За несколько дней, проведенных в Осиновой Роще, он выказал себя таким, каким привык являться в свете, то есть любезным собеседником, отличным охотником, приятным сотрапезником и, за вычетом одного-двух приступов его обычной молчаливости, почти ничто не изобличало в нем человека, томящегося скукой.
Госпожа де Брэй замыслила его женить – несбыточный замысел, ибо не было ничего труднее, чем добиться от него разговора всерьез на подобные темы. Д'Орсель отвечал обыкновенно, что он уже не в том возрасте, когда женятся по влечению сердца, и что для вступления в брак, как для любого решающего либо опасного шага, необходимо крайнее возбуждение духа.
– Это азартная игра, – говорил он, – и притом самая рискованная из всех; единственным оправданием участников могут быть лишь иллюзии, которые служат в ней ставкой, их ценность, количество, искренность и ныл; и она лишь тогда занимательна, когда обе стороны играют по крупной.
Когда стали удивляться тому, что он живет затворником у себя в Орселе, в бездействии, огорчающем всех его друзей, он заметил в ответ на эти укоры, отнюдь для него не новые:
– Всяк делает по силам своим.
– Вот мудрый взгляд на вещи, – сказал кто-то.
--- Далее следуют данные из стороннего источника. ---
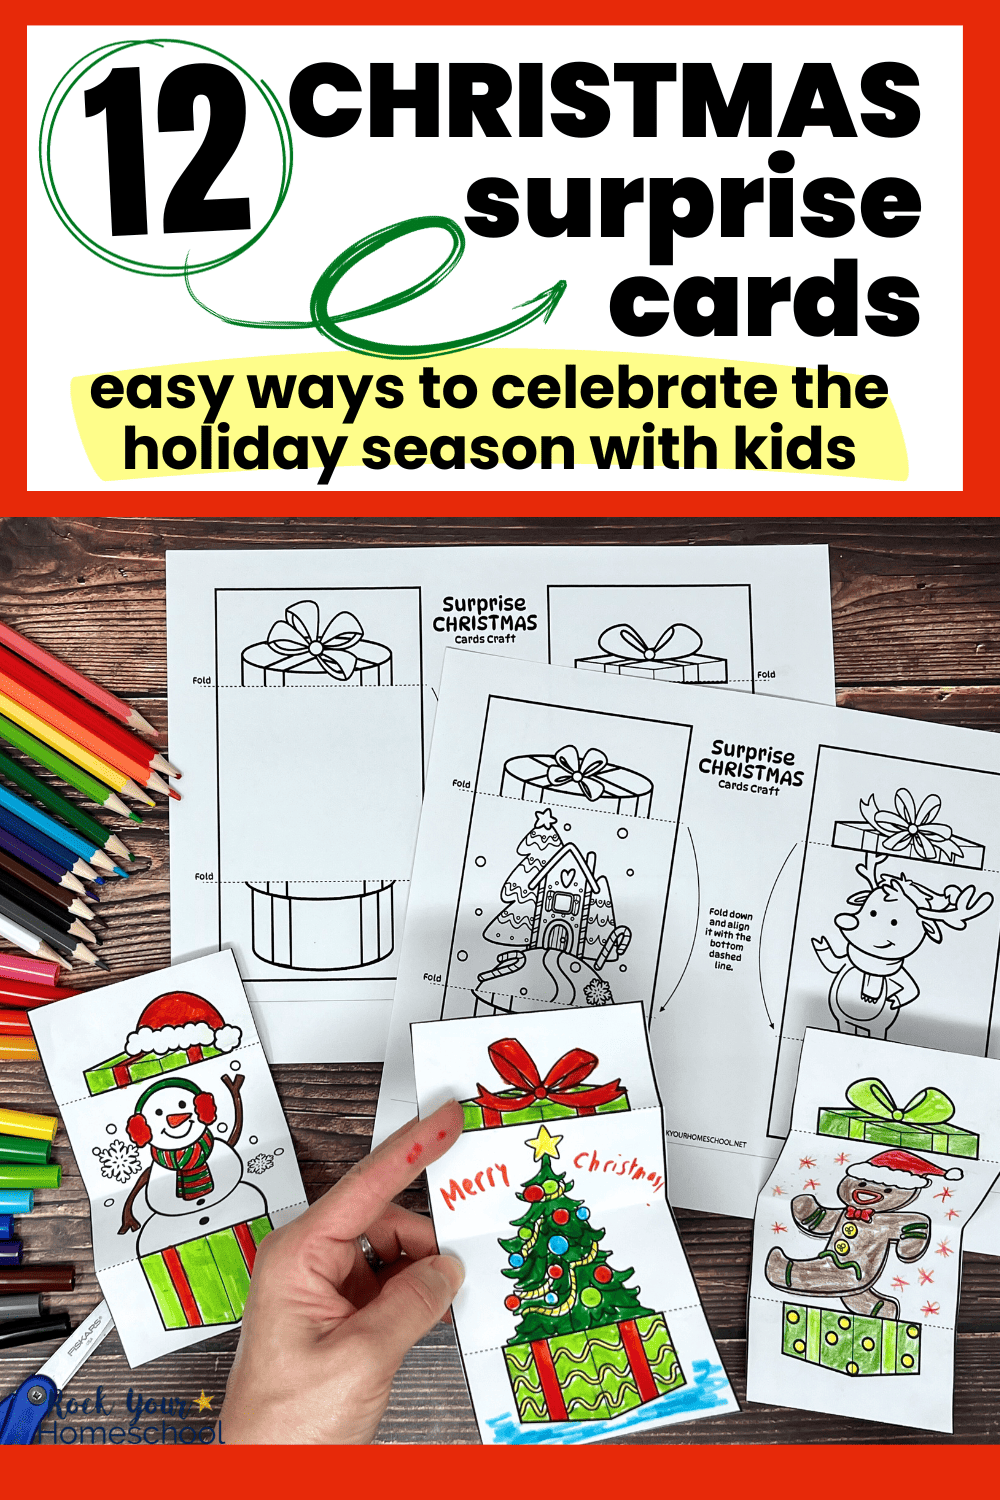 Christmas Cards for Kids: 12 Styles to Color for Fun Surprises (Free)

– Не знаю, право, – отвечал д'Орсель. – Как бы то ни было, никто не укорит в безрассудстве человека, который мирно живет у себя в имении и тем вполне довольствуется.
– На это можно возразить, – заметила госпожа де Брэй.
– Что же именно, сударыня, позвольте узнать?
– Что все зависит от того, в чем видит человек прелесть одиночества, а главное, от того, каких он держится взглядов на семью, насколько ее ценит, – прибавила она, невольно посмотрев на мужа и детей.
– Вам должно знать, – вставил Доминик, – что у моей жены свои взгляды на известный общественный обычай, который, впрочем, нередко ставится под сомнение, и притом весьма достойными мыслителями; она считает брак делом совести и непременным долгом. По ее мнению, человек несвободен, и если он отказывается составить чье-то счастье, притом что может это сделать, он достоин порицания.